TASK INSTRUCTIONS: Give the listing back in full, exactly as written, with the pictures removed.

DATASET SECTION:
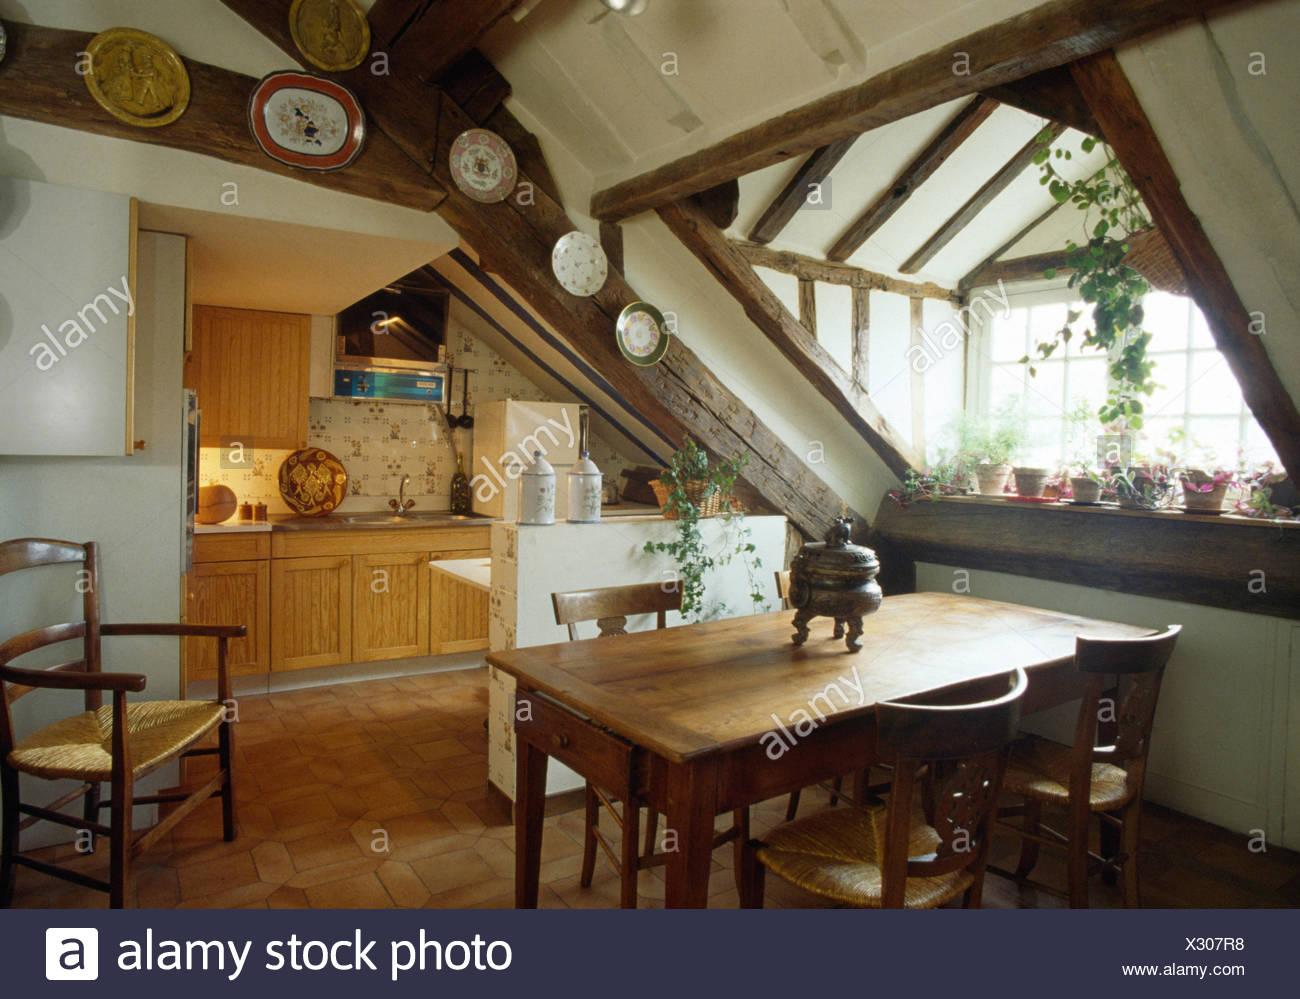 Mesa y sillas de pino simple en buhardilla cocina comedor Imagen De Stock
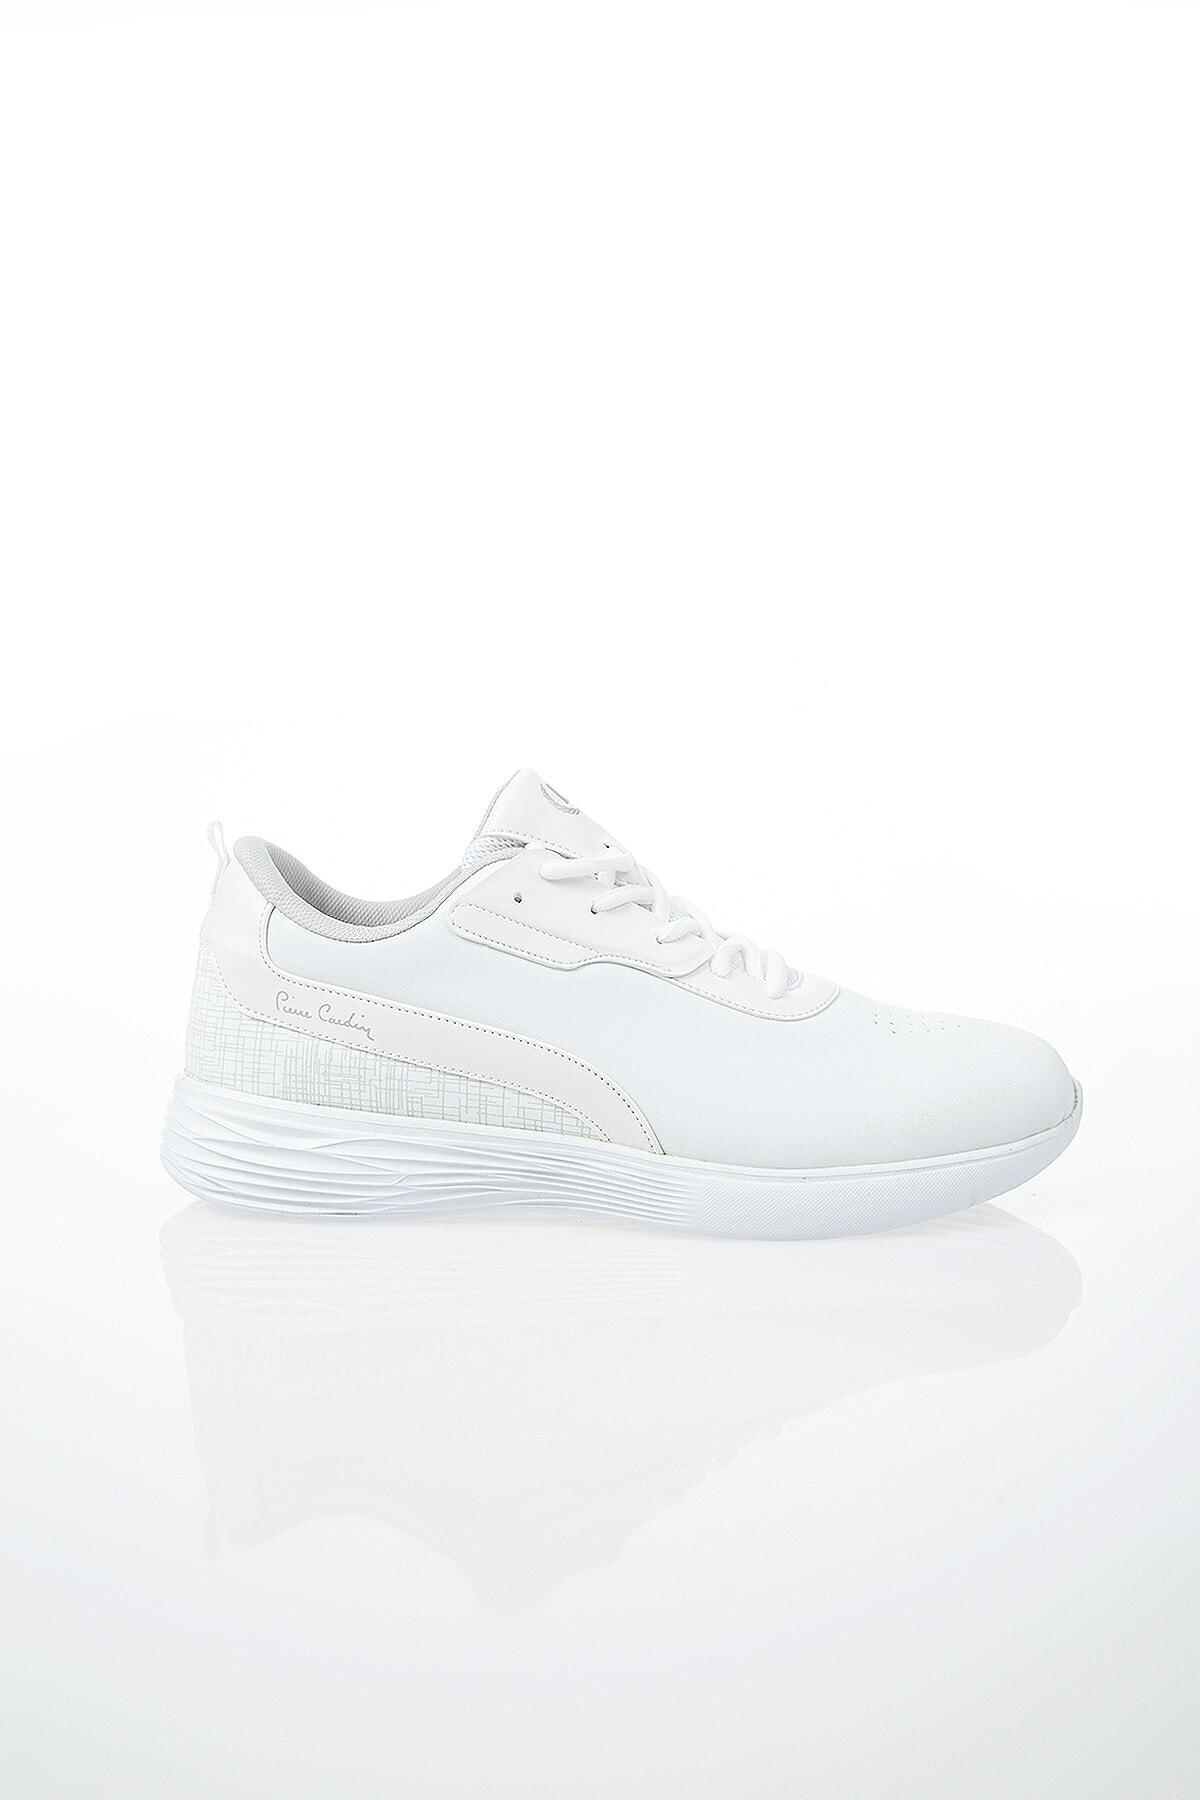 Pierre Cardin PC-30492 Beyaz Erkek Spor Ayakkabı 1
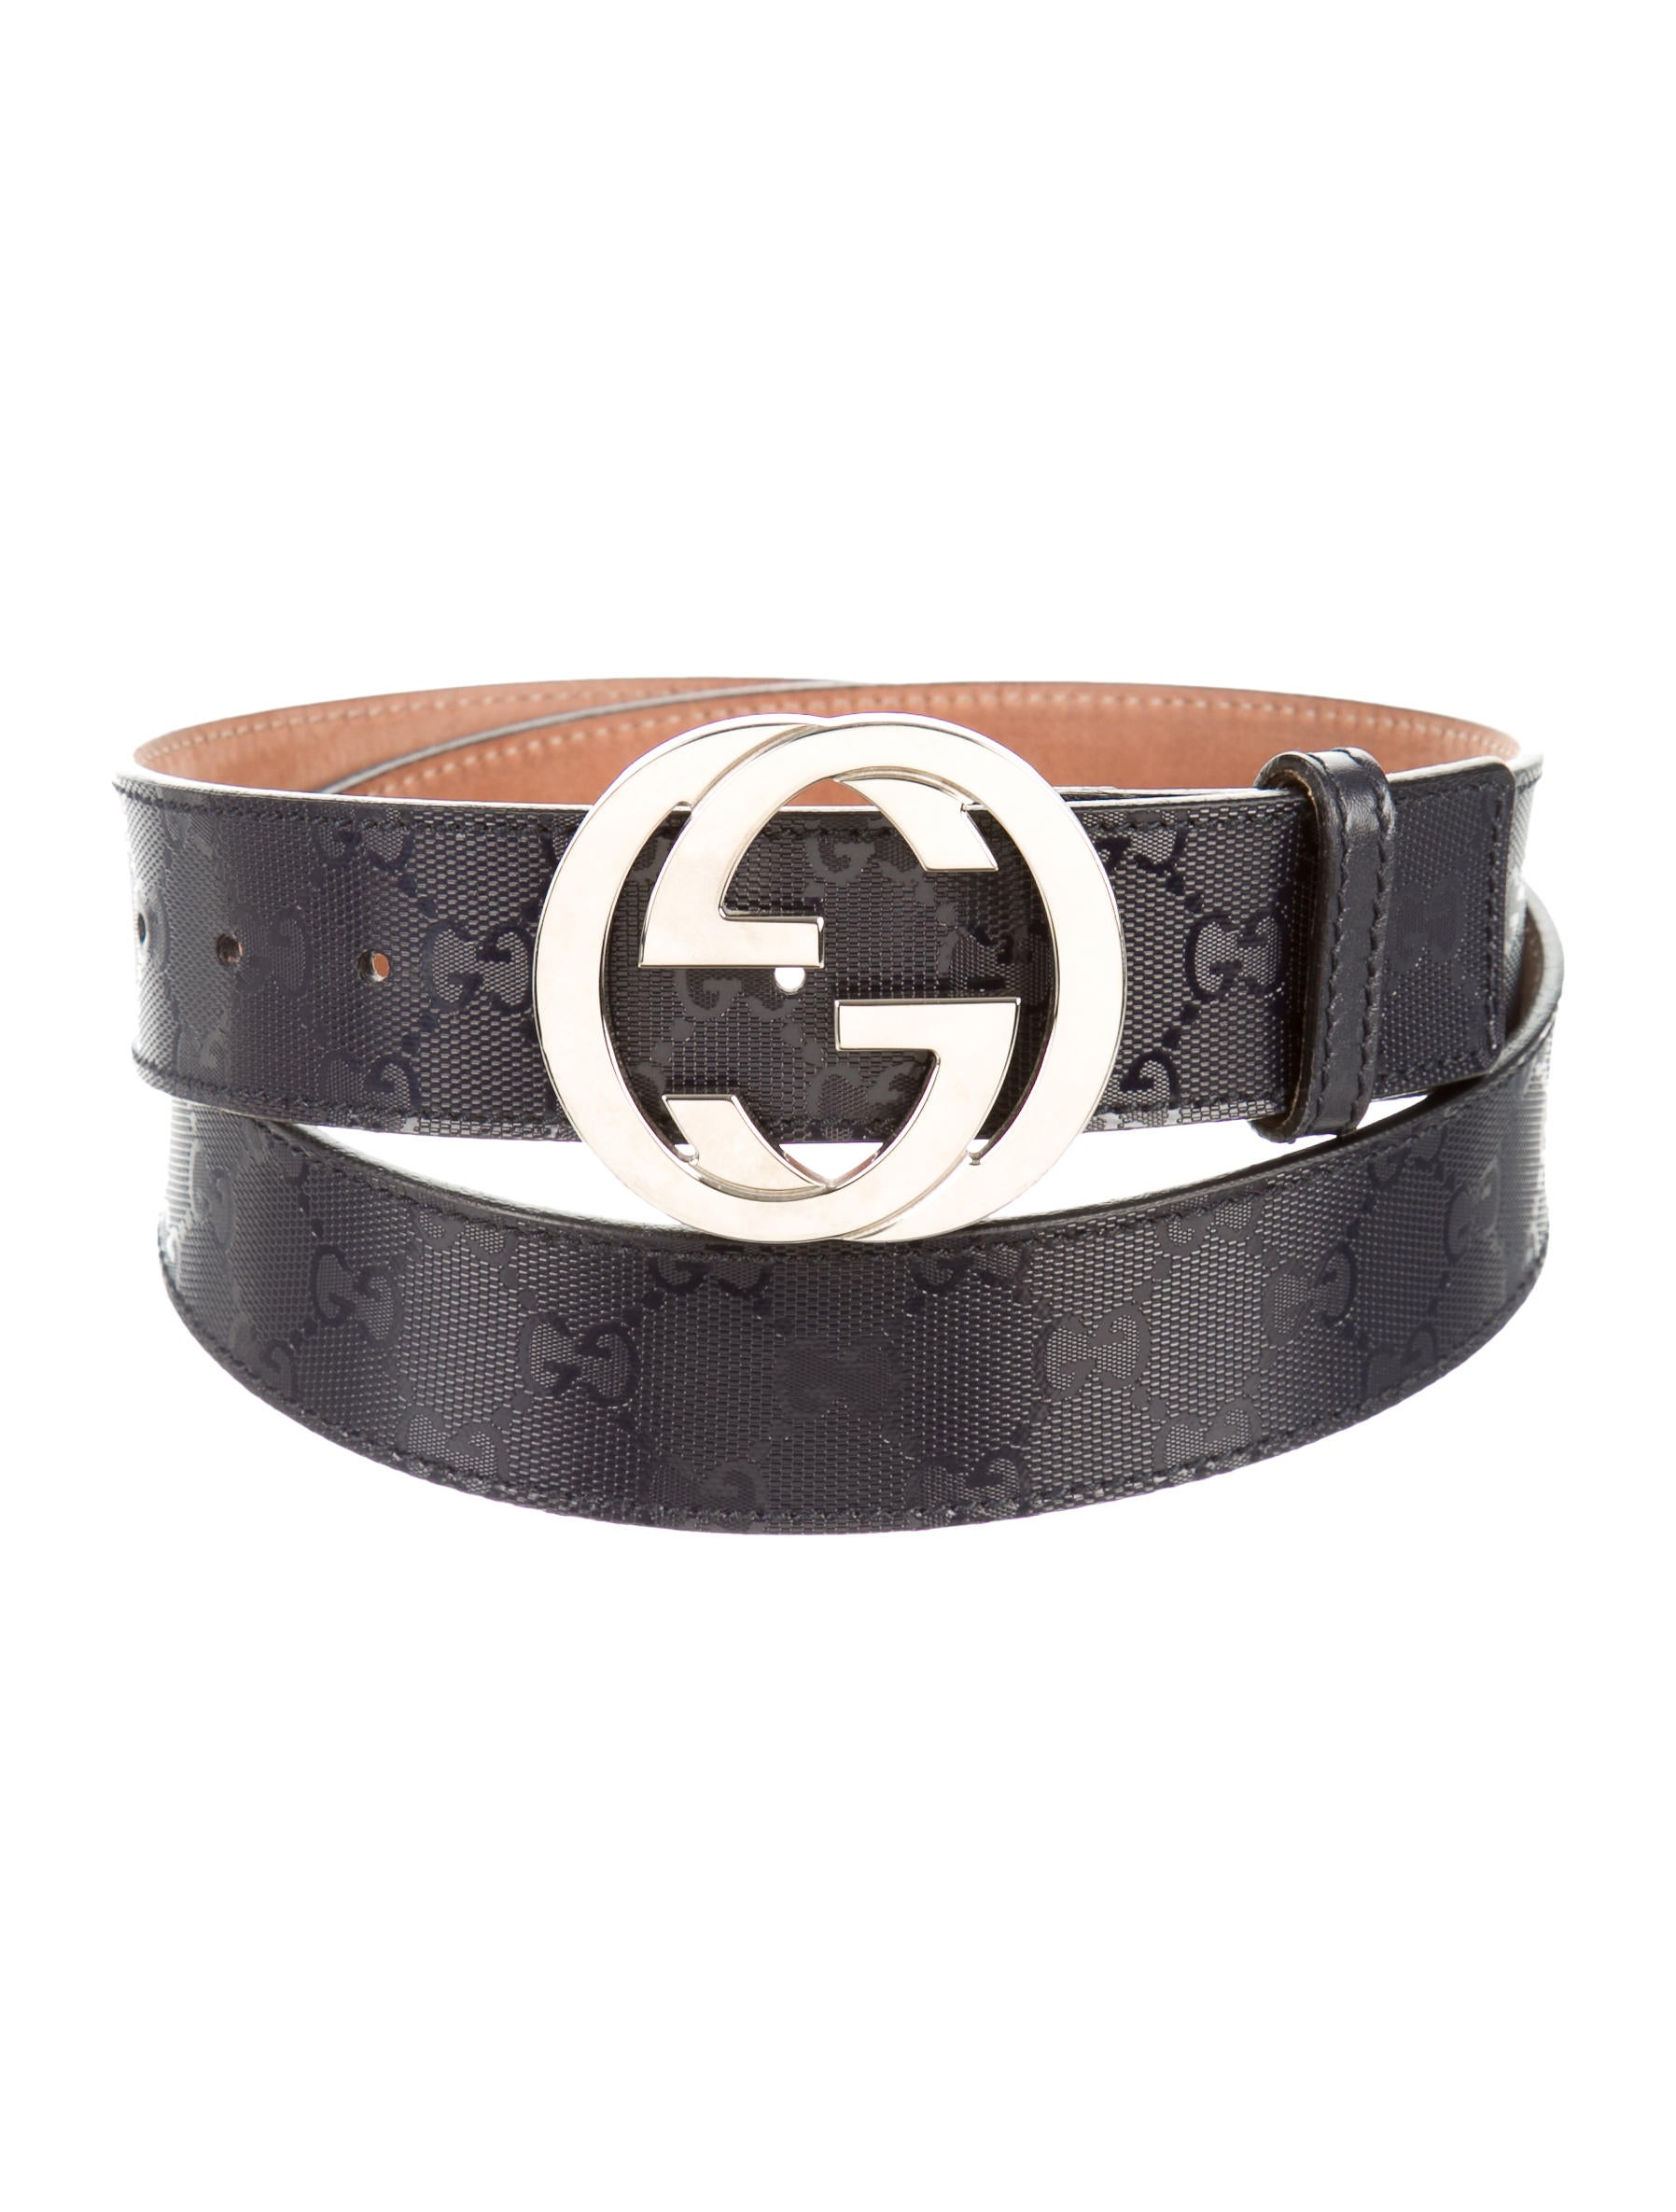 b6e040b2a6a Gucci GG Imprime Belt - Accessories - GUC112695

WRITTEN ANSWER:
 Mesa y sillas de pino simple en buhardilla cocina comedor Imagen De Stock
 Pierre Cardin PC-30492 Beyaz Erkek Spor Ayakkabı 1
 b6e040b2a6a Gucci GG Imprime Belt - Accessories - GUC112695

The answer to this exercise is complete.